Faltering Maghreb Integration: Historical and Institutional Roots

There is no disagreement among observers on the Arab Maghreb Union’s potential which, if revived, could allow it to play a major geostrategic role, considering the important location of the region, its tremendous human potential, huge economic wealth, and historic and cultural heritage that extends thousands of years.

The Maghreb Union states have a strategic depth based on their unique and diverse dimensions: Arab, African, Sahrawi, Mediterranean, and Atlantic. With a strategic mindset, along with planning and political willpower to play a more significant role, the Union states could create a regional power arrangement to be reckoned with.[1] Studies and reports confirm the advantages and developmental and strategic benefits of  Maghreb integration, as well as the huge cost of the absence of this integration at all levels, especially with regard to the economy and development.

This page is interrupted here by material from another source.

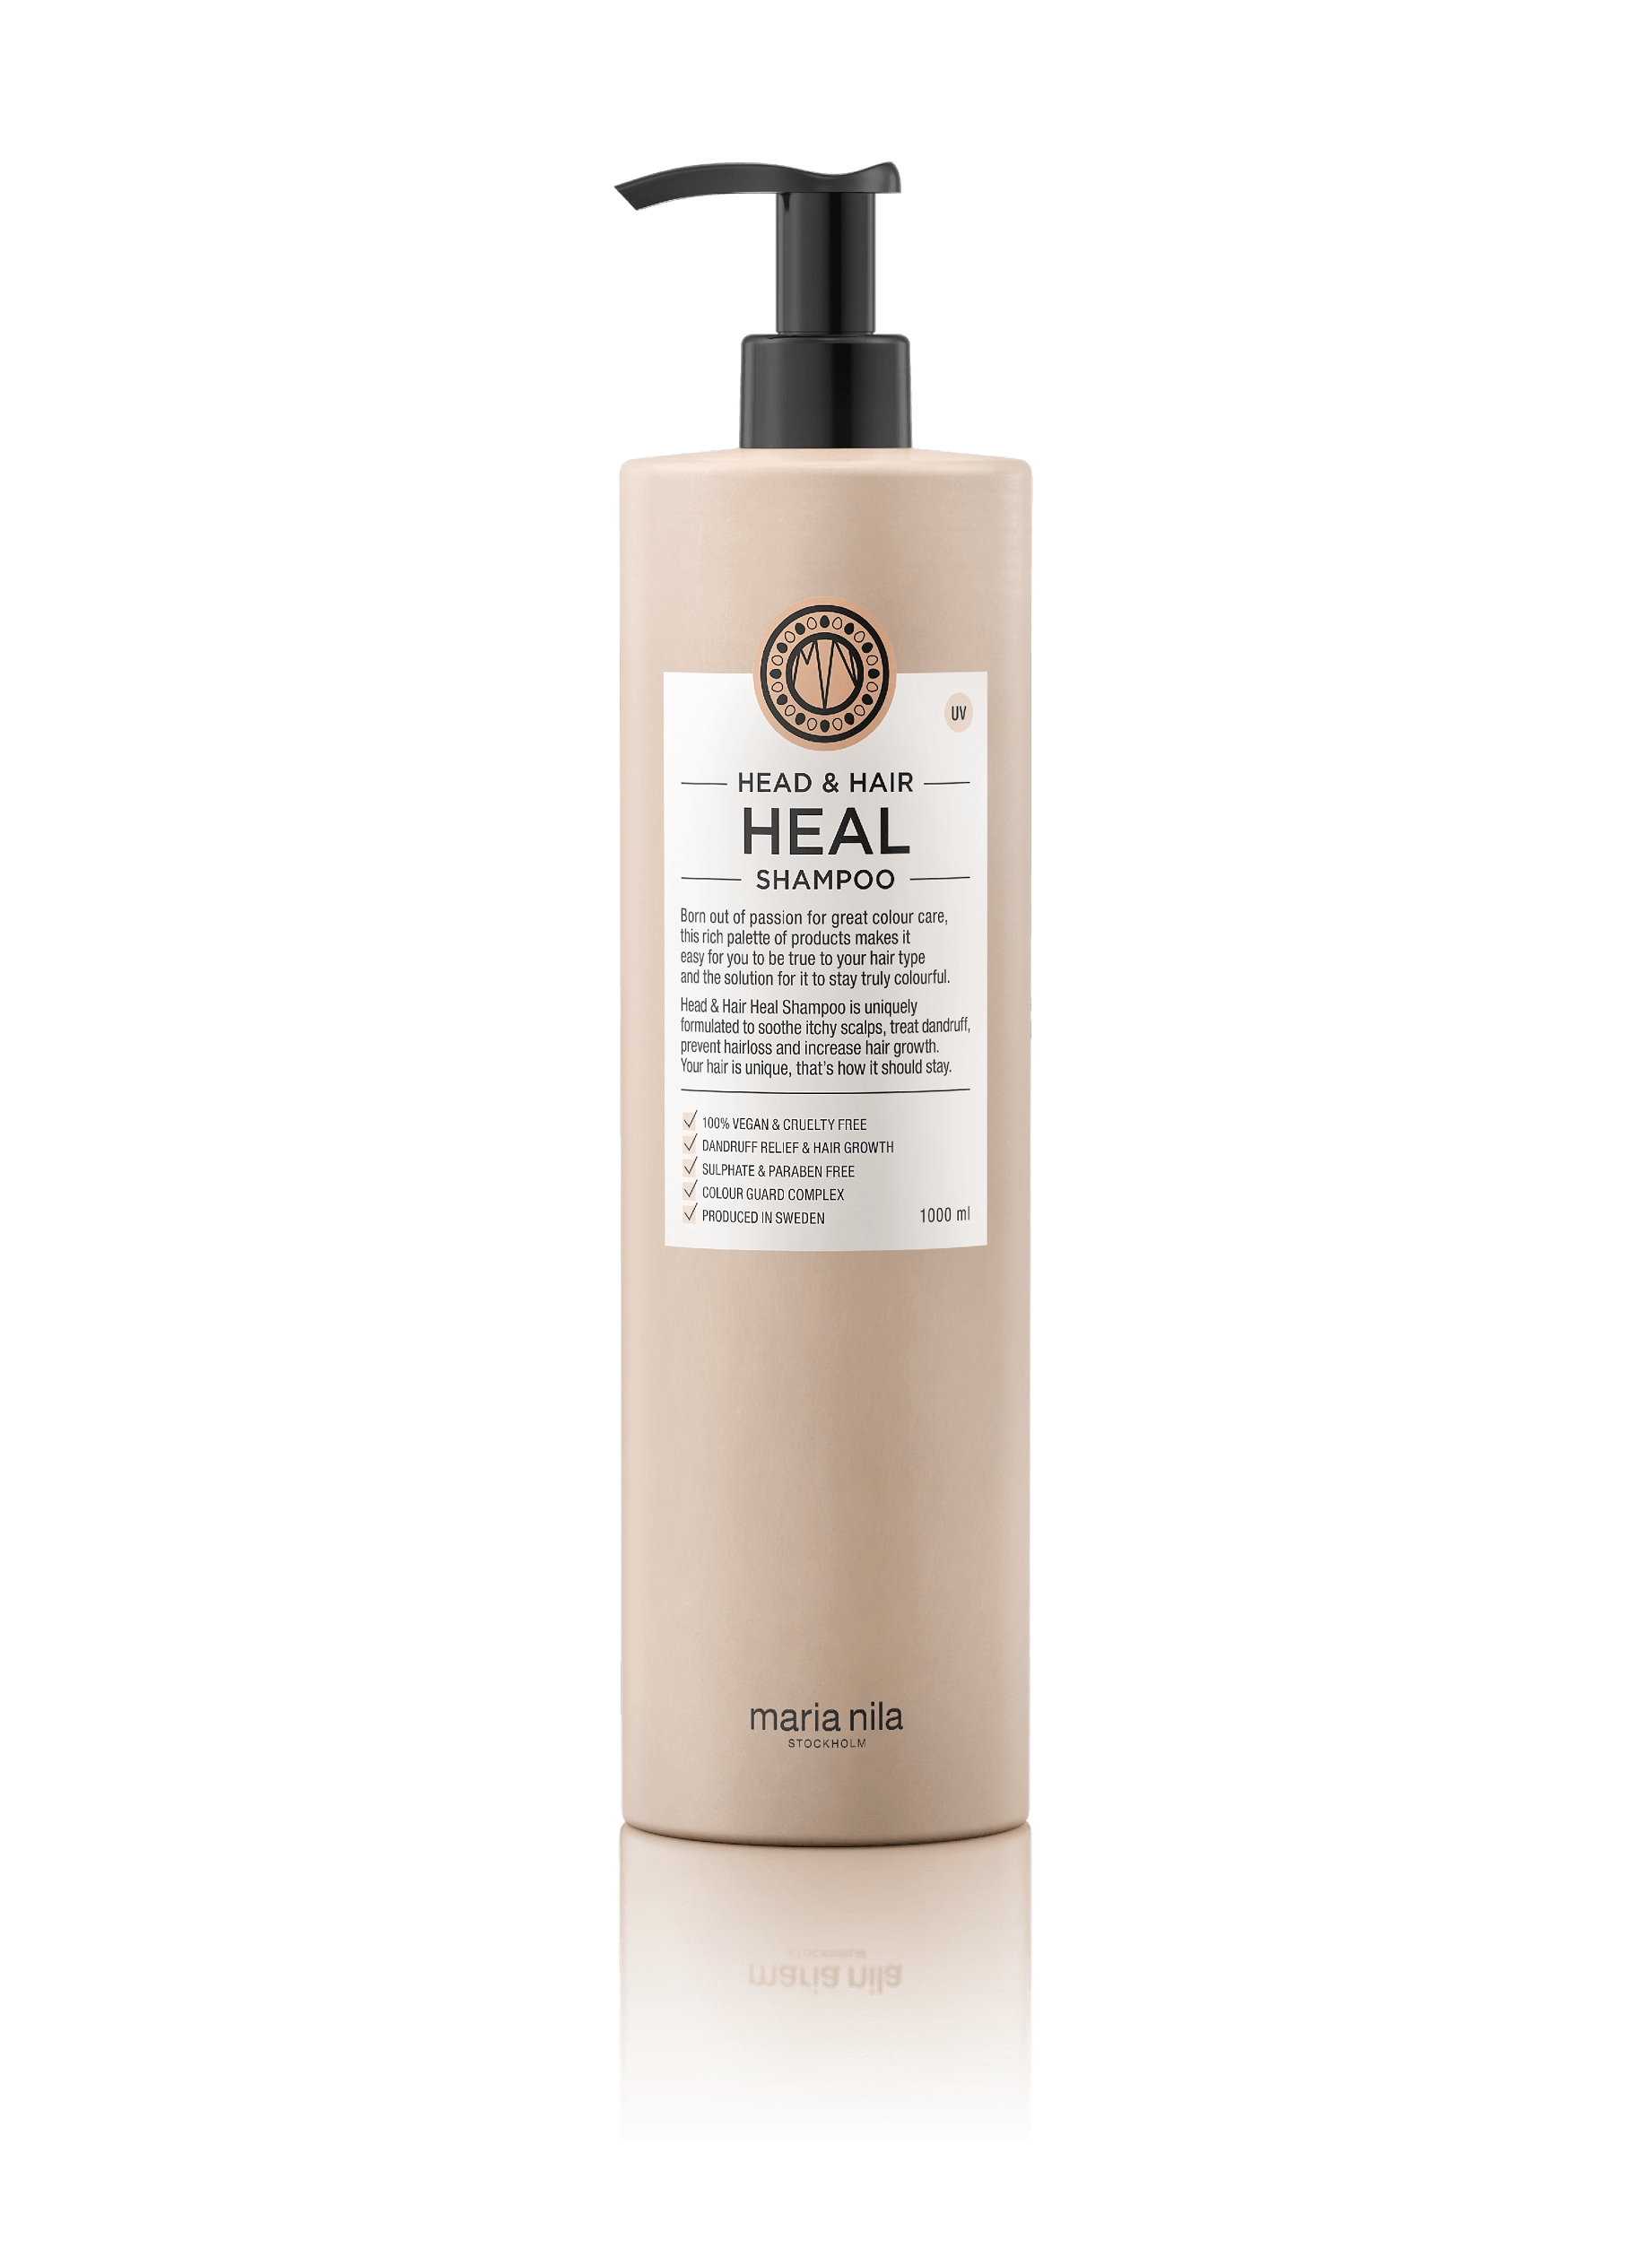 Maria Nila Head & Hair Heal Shampoo, 1000 ml

Nevertheless, the institutions of the Maghreb Union, 36 years following its creation, still do not reflect the depth of the historic and cultural links between the states in this region, the simplest aspects of awareness of the challenges surrounding its states and people, nor the desire to build a future of economic and political integration and consolidation that is both a cultural obligation and a strategic necessity.

The deterioration of relations between Maghreb states  

The Maghreb Union states have witnessed an unprecedented deterioration in relations in recent times. Algeria and Morocco are in a state of diplomatic rupture. Libya is torn by internal conflict and is has become a stage for European, African, Turkish, Egyptian and Gulf interventions and initiatives, in the absence of effective Maghreb initiatives.  Meanwhile, Tunisia is heading towards an unprecedented internal crisis and an unfortunate regression of its democratic experiment.

Where does the problem lie? Where does it stem from?

In my opinion, there are historic, geographic, and institutional causes for the chronic illness afflicting the Maghreb Union. Despite the scale and impact of these various causes, institutional factors centrally lead them all.

Historically, since the Islamic conquest, Maghreb countries remained one country ruled by the major Islamic states, sometimes ruled by one regional state, while at other times ruled by competing local states. With the expansion of the Ottoman caliphate to the Greater Morocco countries, the inhabitants of Al-Maghrib Al-Aqṣá stopped its expansion at the borders of Tlemcen, and Morocco remained under the rule of local states (the Saadis then the Alawis). There was a clear political distinction between the Ottoman states in the Maghreb countries and the Cherifi Kingdom in Al-Maghrib Al-Aqṣá, as well as a relative distinction between Ottoman Maghreb states that ruled through military classes originating from mixed Turkish-Maghreb families, such as the Karamanids in Libya, the Beys of Tunisia, the Karghalys of Algeria, in contrast to the noble families ruling Morocco as a result of movements and revolutions stemming from the depth of interactions of local populations with the internal and external situations.

This situation created a distinction and weakness in the interaction between the Maghreb space states during this historic period, despite the Islamic confessional and ritual unity. Local populations of the Maghreb had their final say about it since the revolution led by its religious scholars against the Shiite Fatimid rule.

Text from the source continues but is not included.